▶ [PROBLEM DETAILS]:
Your answer must be an exact copy of the data, without any pictures.

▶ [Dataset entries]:
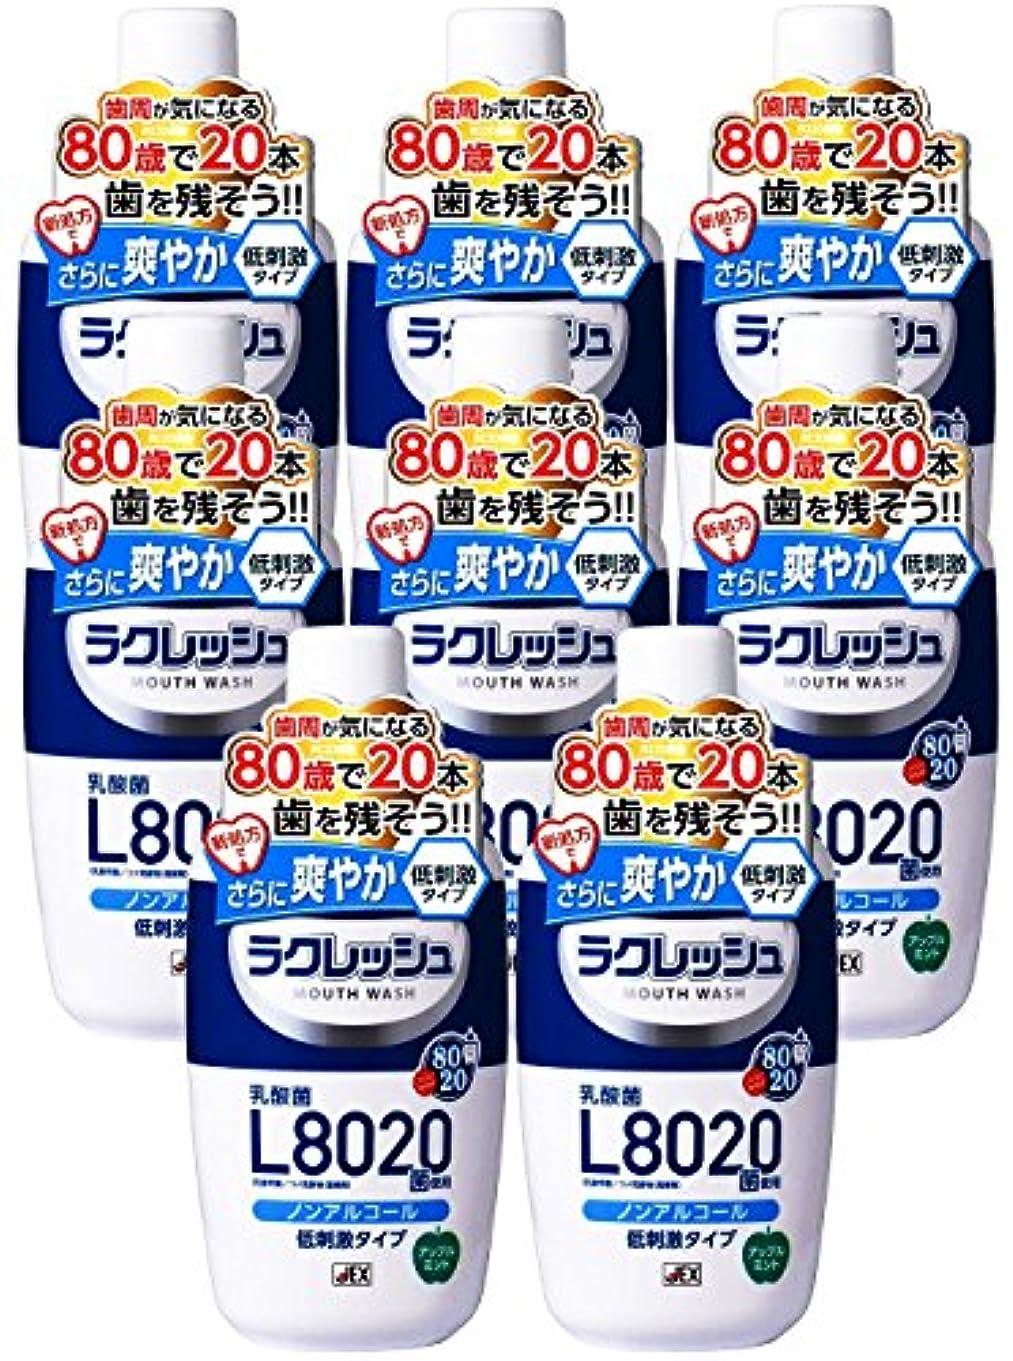 黒くする優先権ネックレット【8個セット】ラクレッシュ L8020菌 マウスウォッシュ
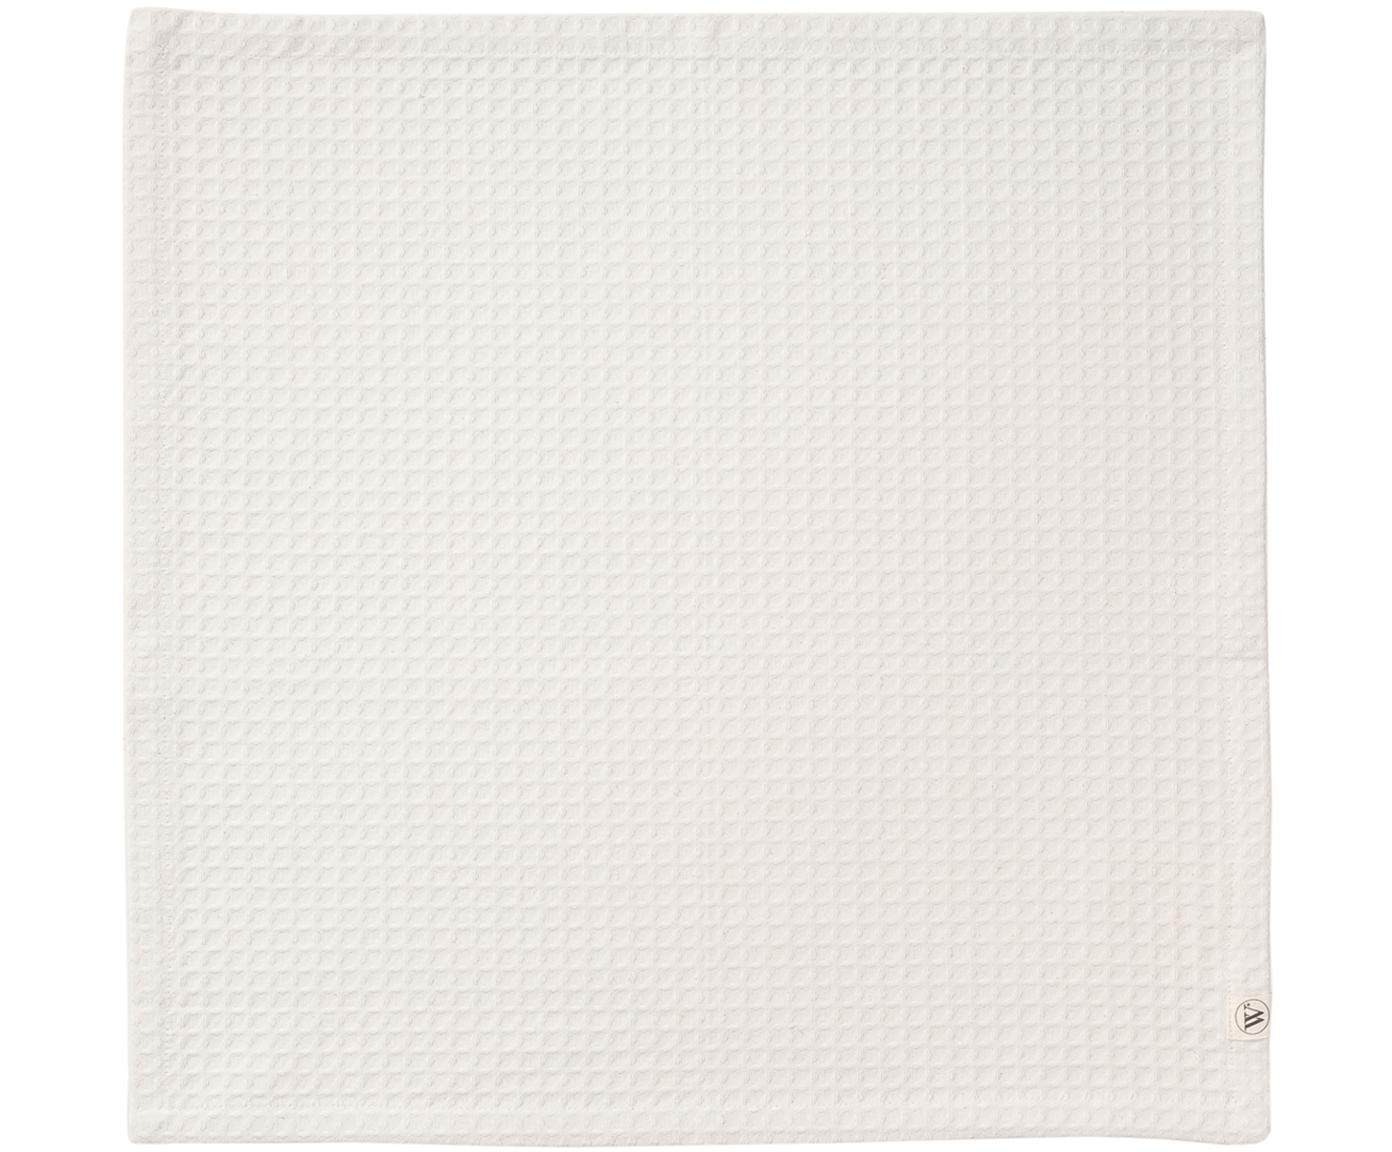 Serwetki z bawełny Cubes, 6 szt., Bawełna, Złamana biel, S 50 x D 50 cm
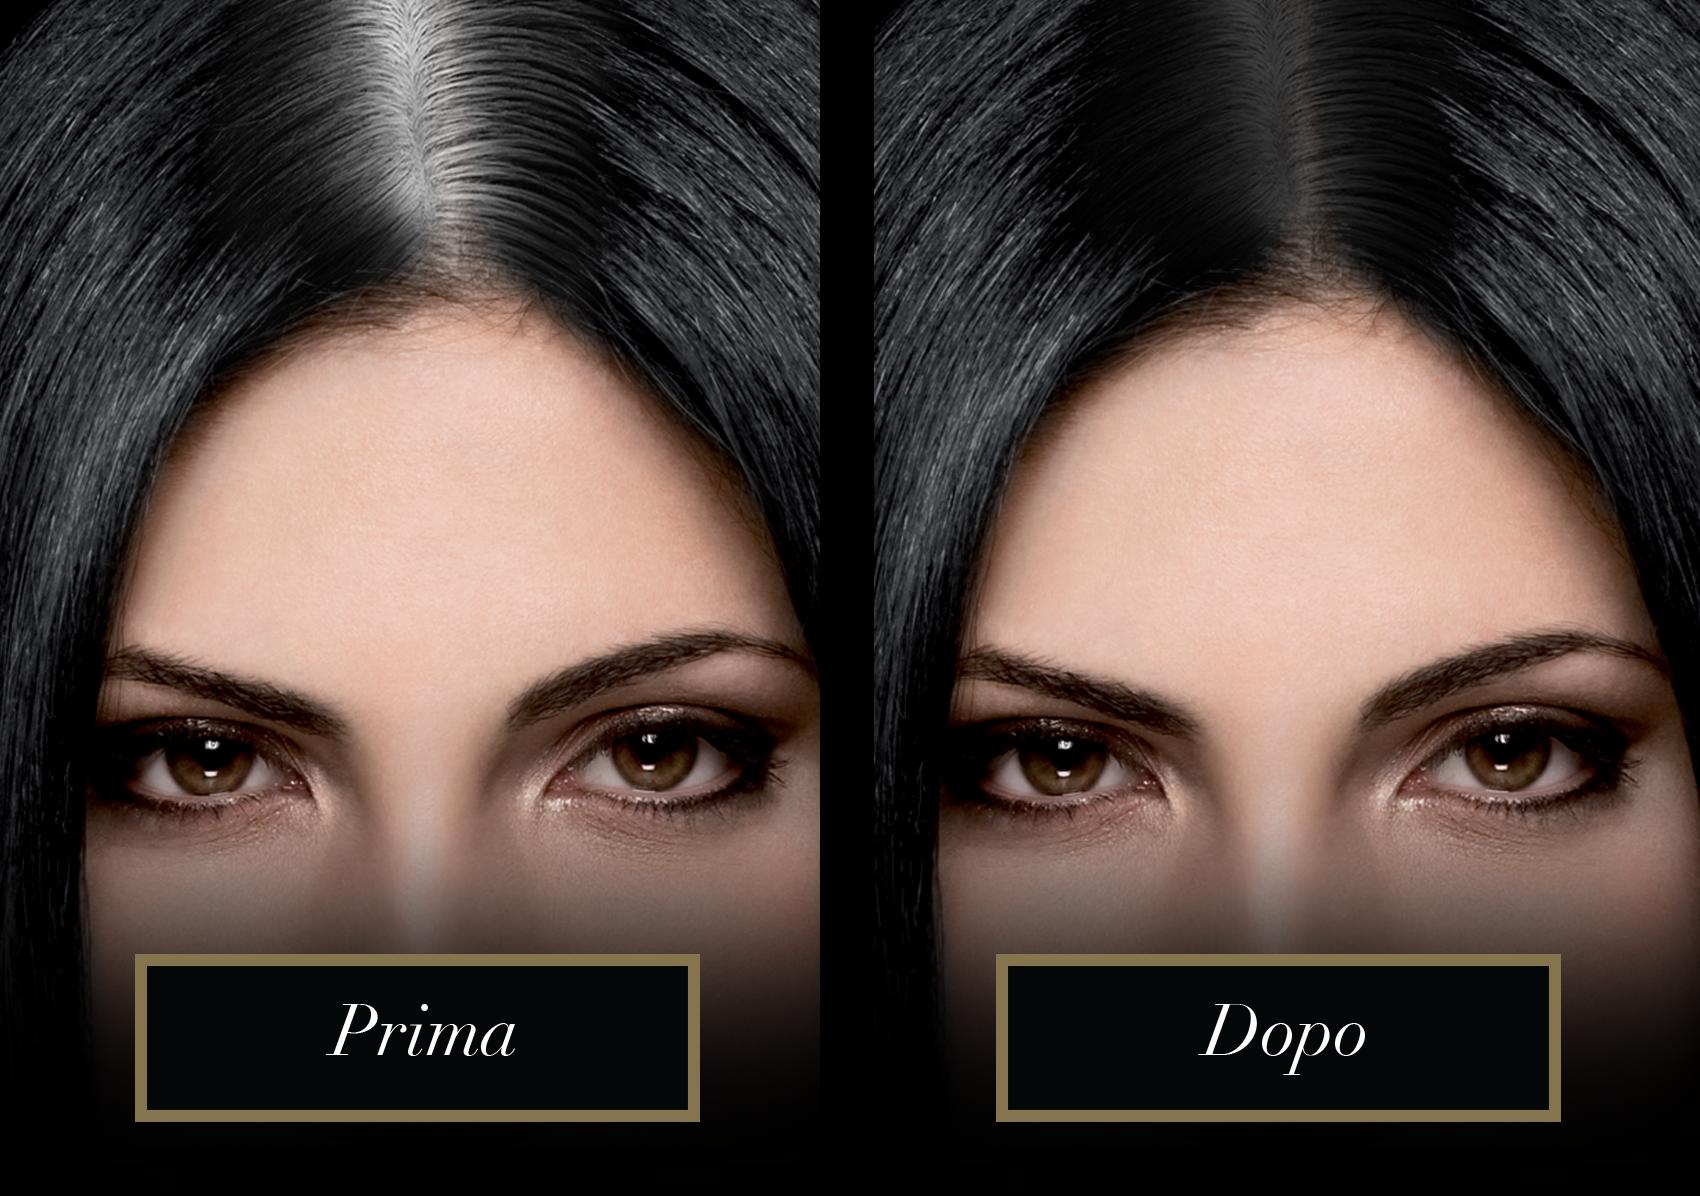 MASCARA TONO SU TONO LIALYSSE. Il nuovo mascara per capelli ... d22b34c596e8
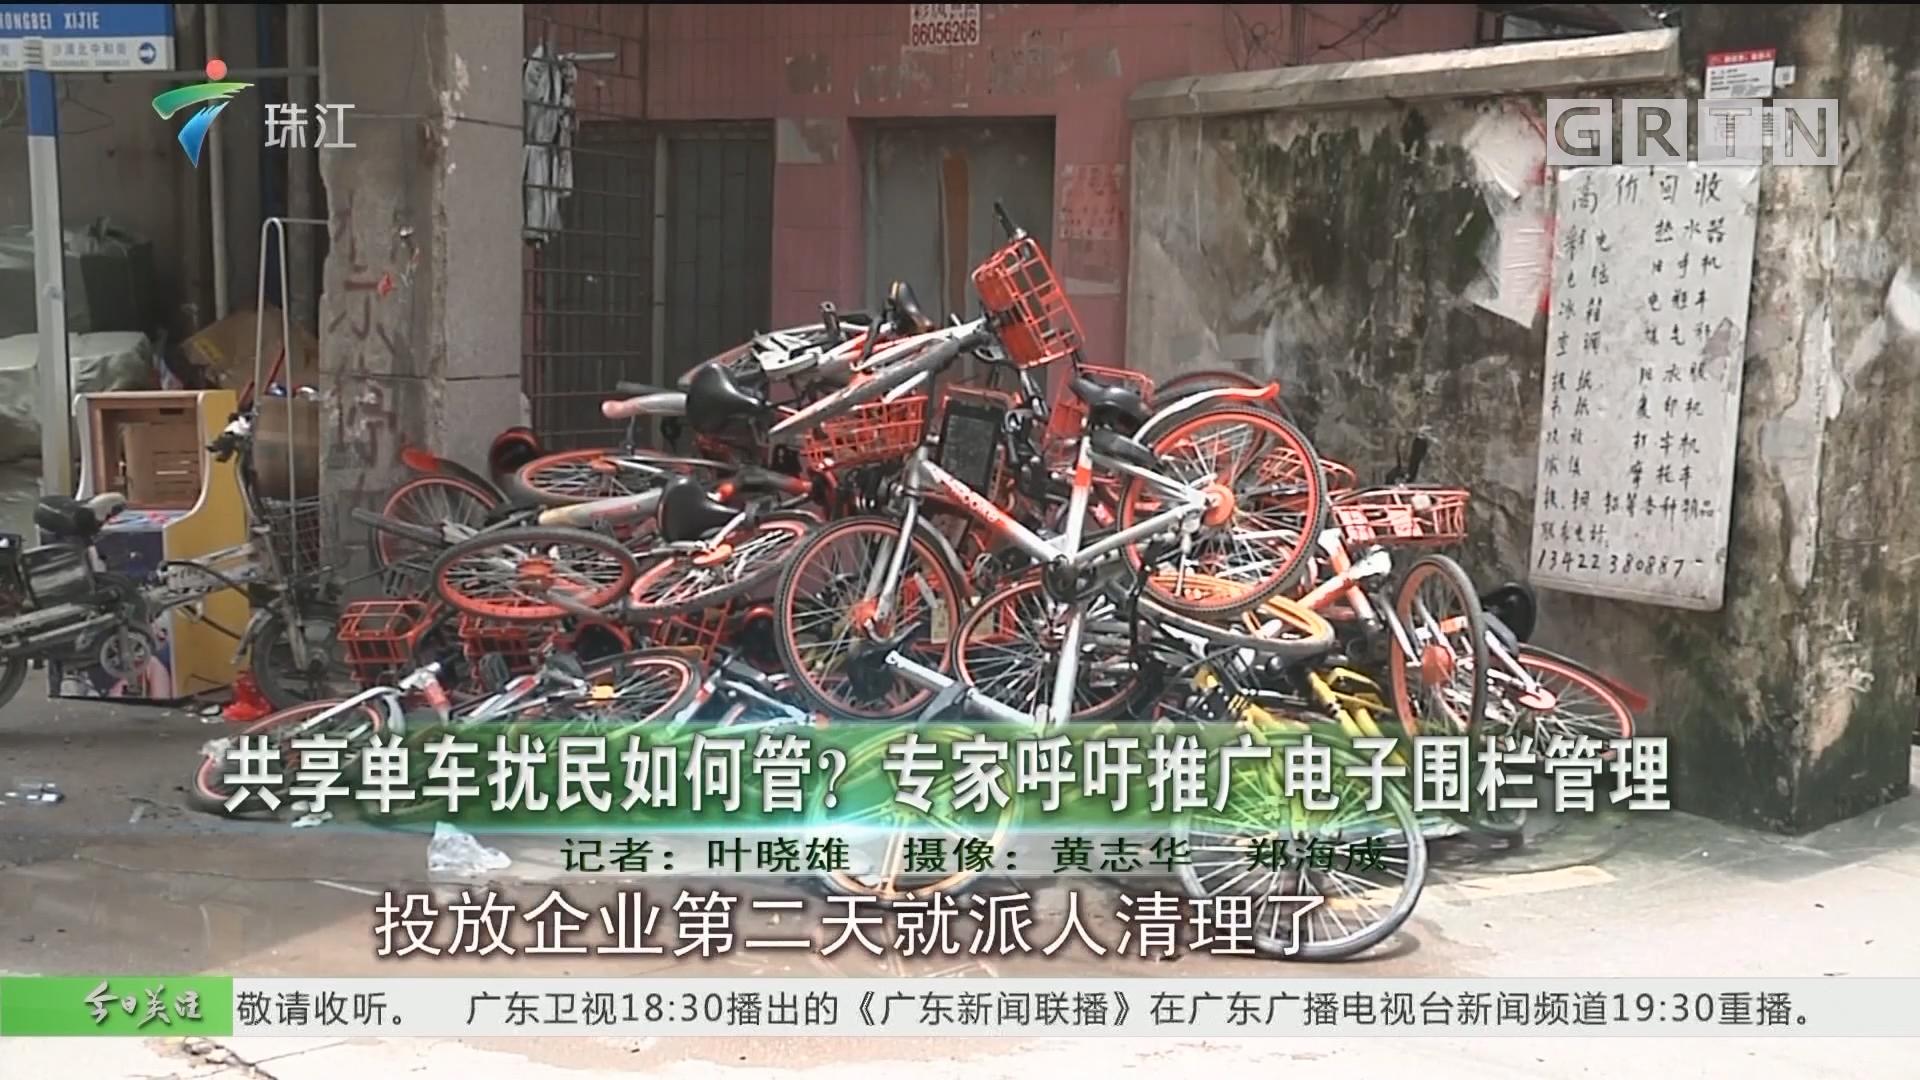 共享单车扰民如何管?专家呼吁推广电子围栏管理
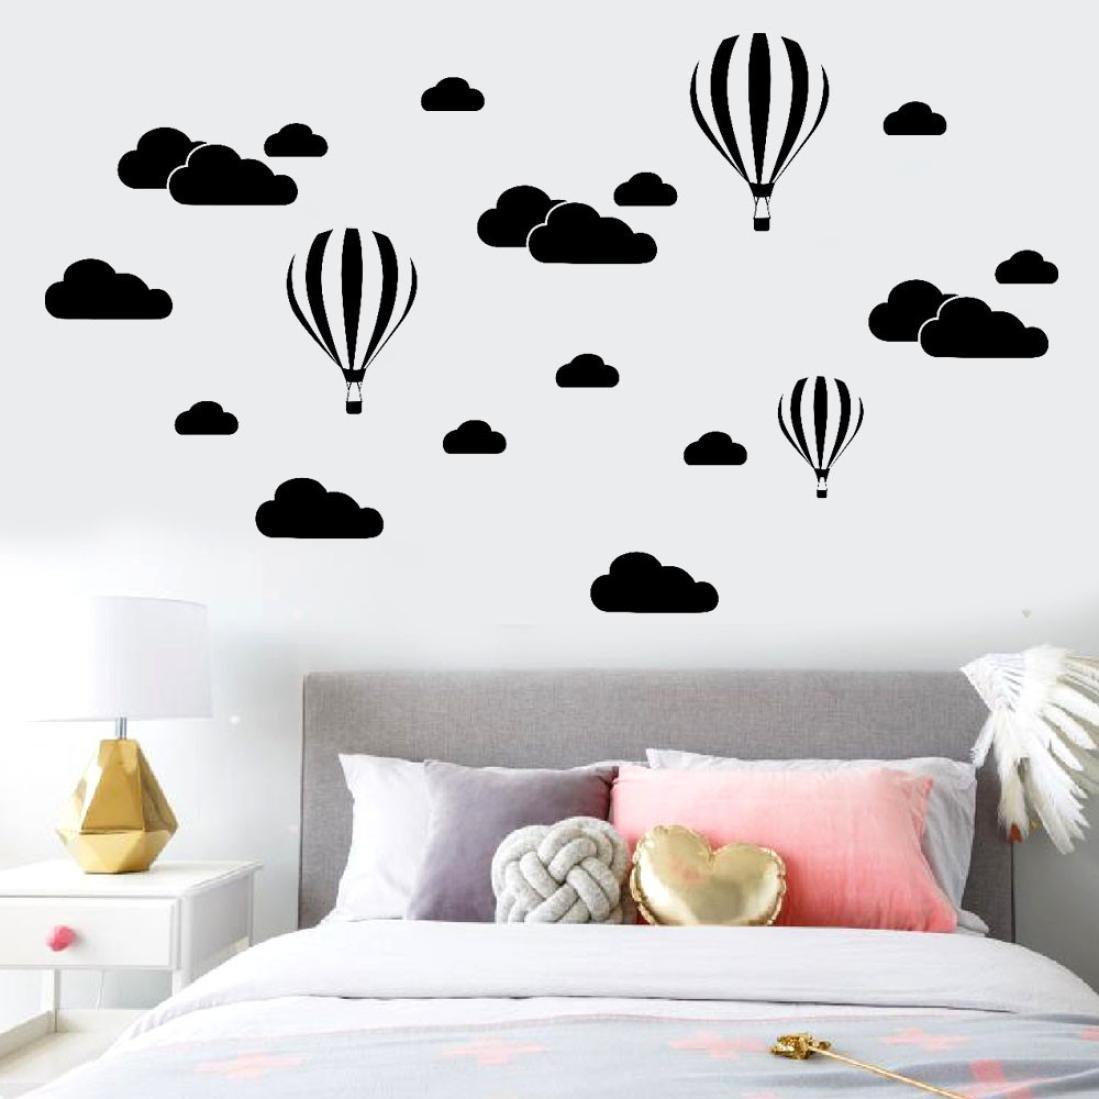 Dragon868 adesivi murali Grande Nuvole Mongolfiera Fai da Te Adesivi Murali Cameretta Cucina Salotto Home Decor (Bianco)

▶ [WRITTEN ANSWER]:
 黒くする優先権ネックレット【8個セット】ラクレッシュ L8020菌 マウスウォッシュ
 Serwetki z bawełny Cubes, 6 szt., Bawełna, Złamana biel, S 50 x D 50 cm
 MASCARA TONO SU TONO LIALYSSE. Il nuovo mascara per capelli ... d22b34c596e8
 共享单车扰民如何管?专家呼吁推广电子围栏管理
 Dragon868 adesivi murali Grande Nuvole Mongolfiera Fai da Te Adesivi Murali Cameretta Cucina Salotto Home Decor (Bianco)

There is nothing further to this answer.